-- Opening Marker --

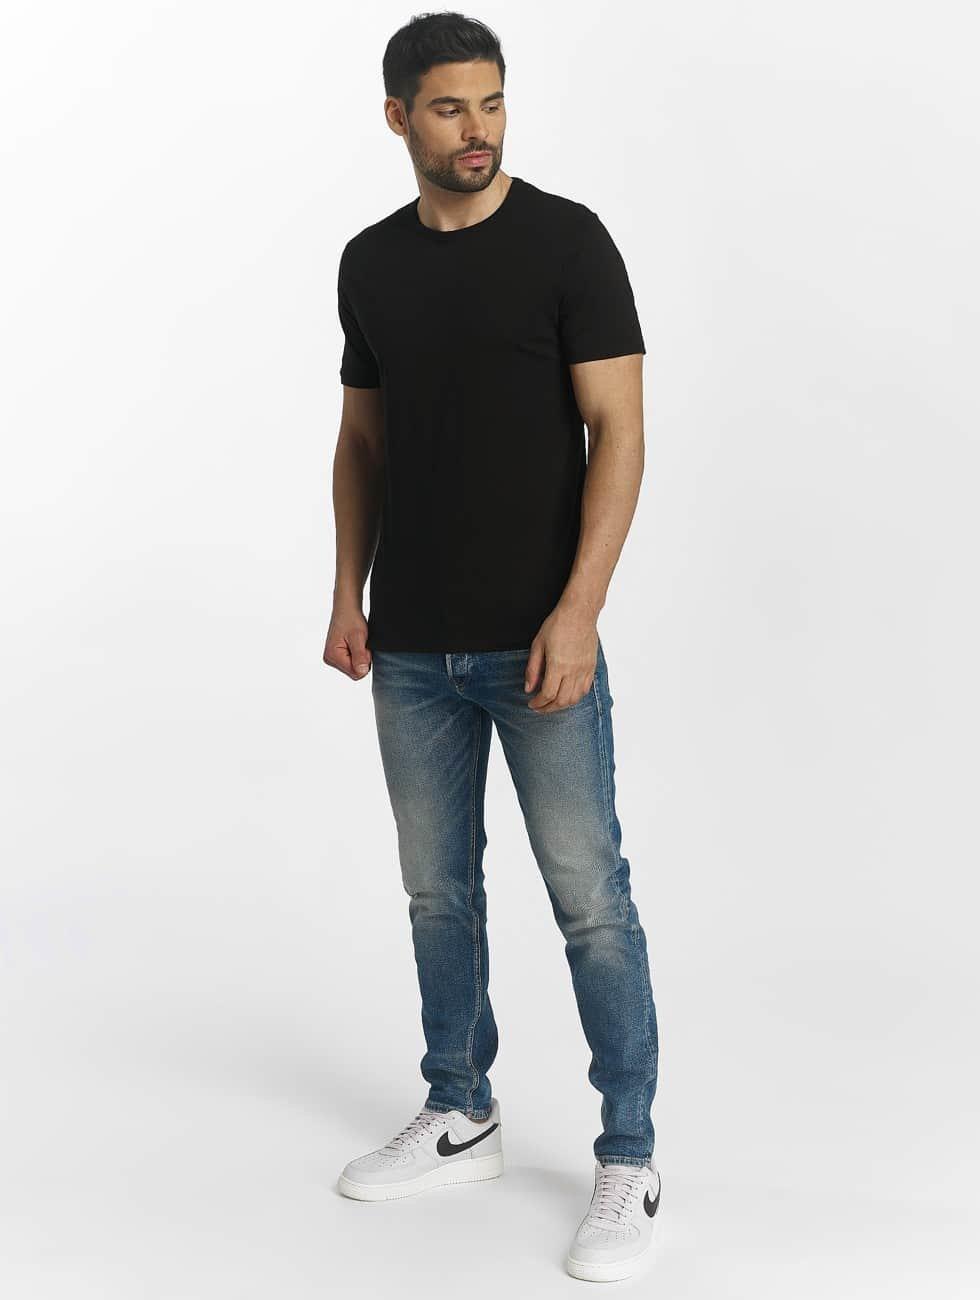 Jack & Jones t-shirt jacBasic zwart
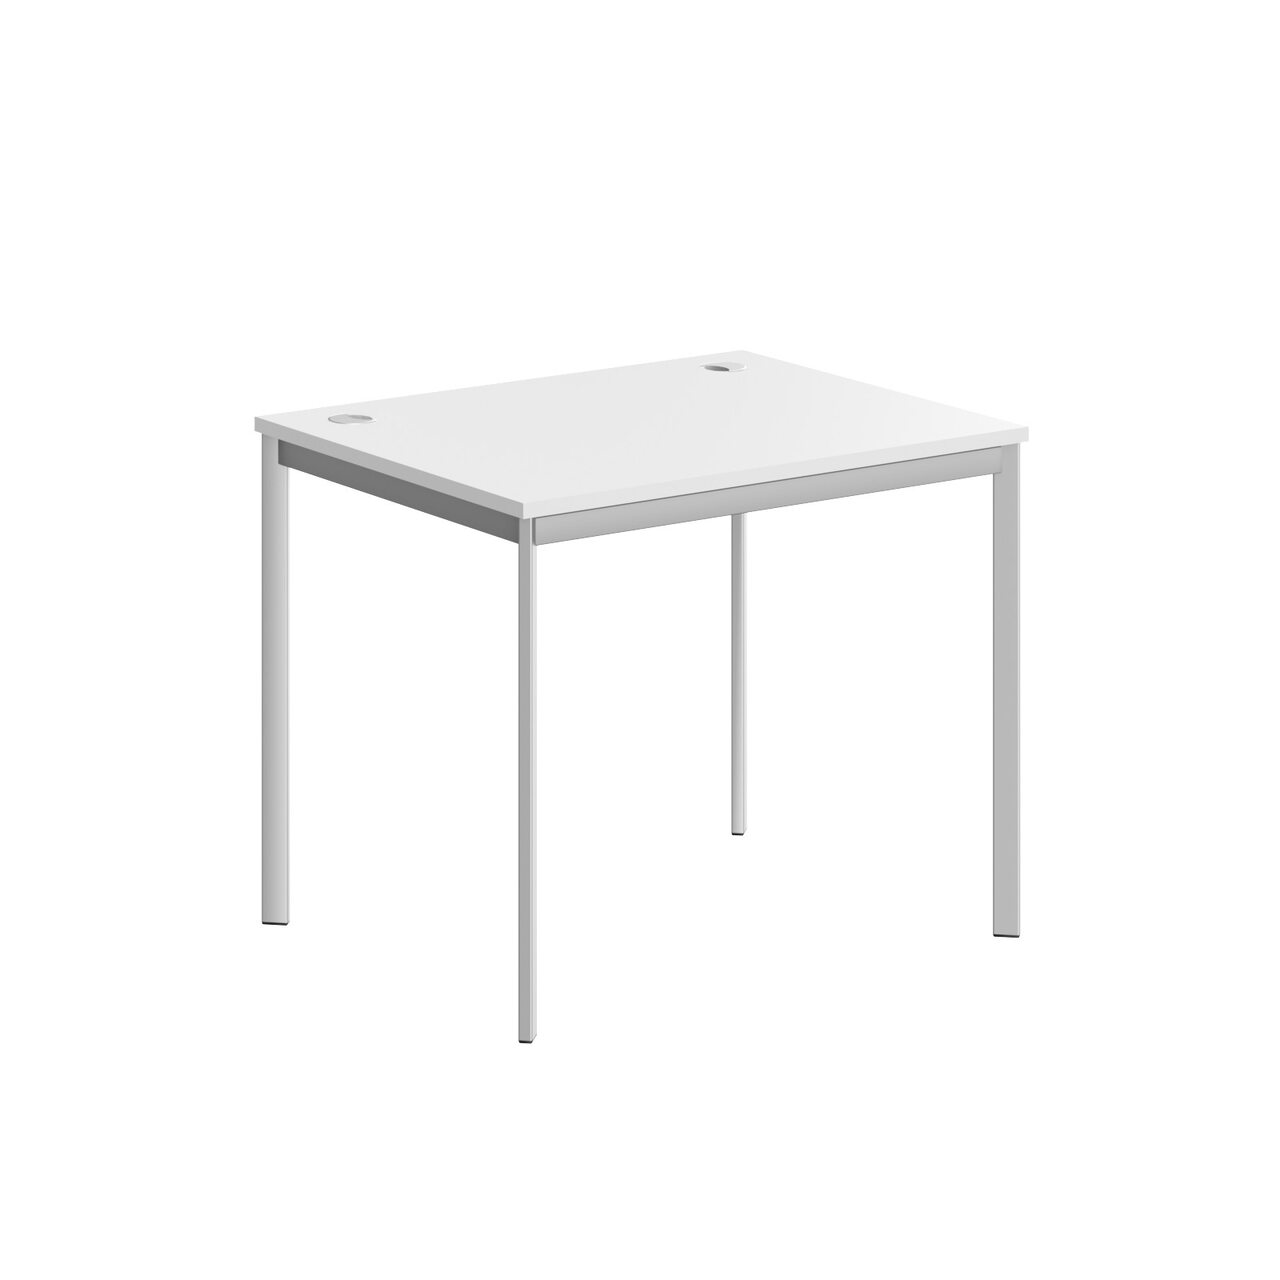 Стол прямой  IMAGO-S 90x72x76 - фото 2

-- Closing Marker --
-- Opening Marker --

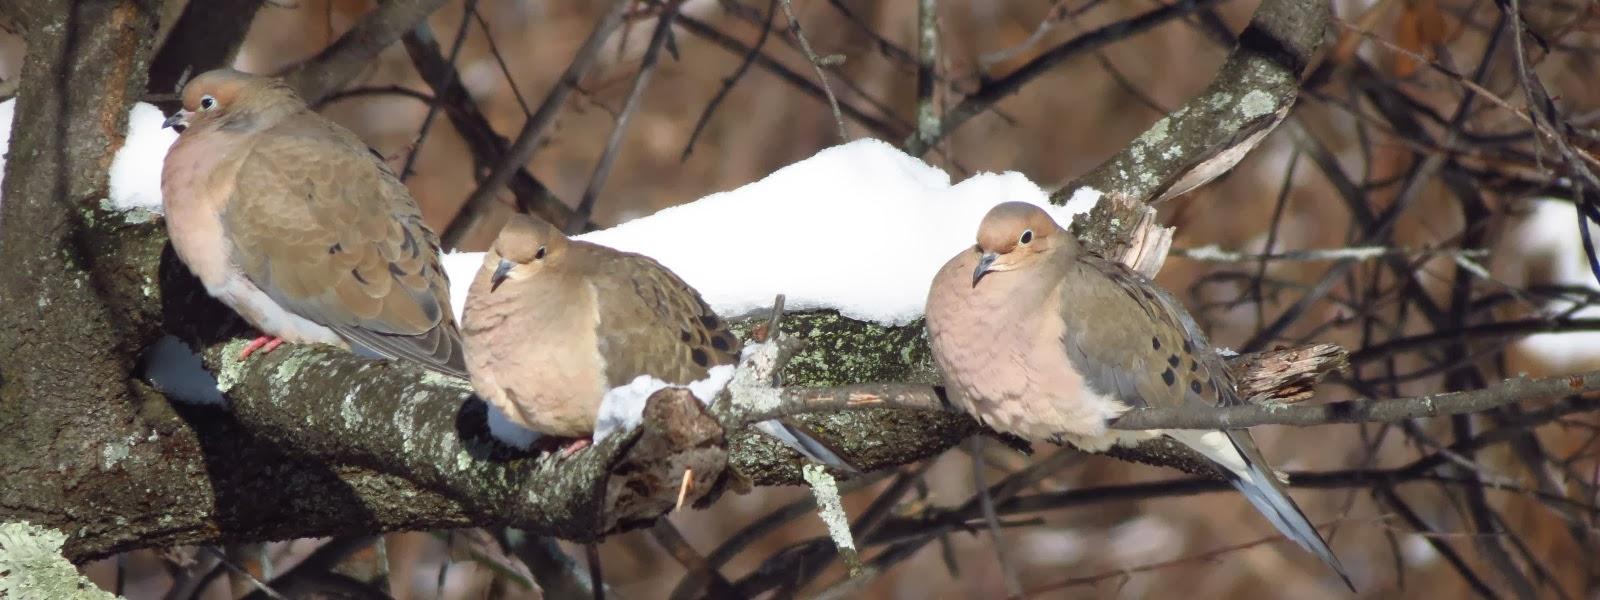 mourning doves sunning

-- Closing Marker --

Activity: Begin at the line in the entries above that has "Jack & Jones t-shirt jacBasic zwart", stop after the line that has "90x72x76 - фото 2", and output exactly those lines without pictures.

Reply:
 Jack & Jones t-shirt jacBasic zwart
 Стол прямой  IMAGO-S 90x72x76 - фото 2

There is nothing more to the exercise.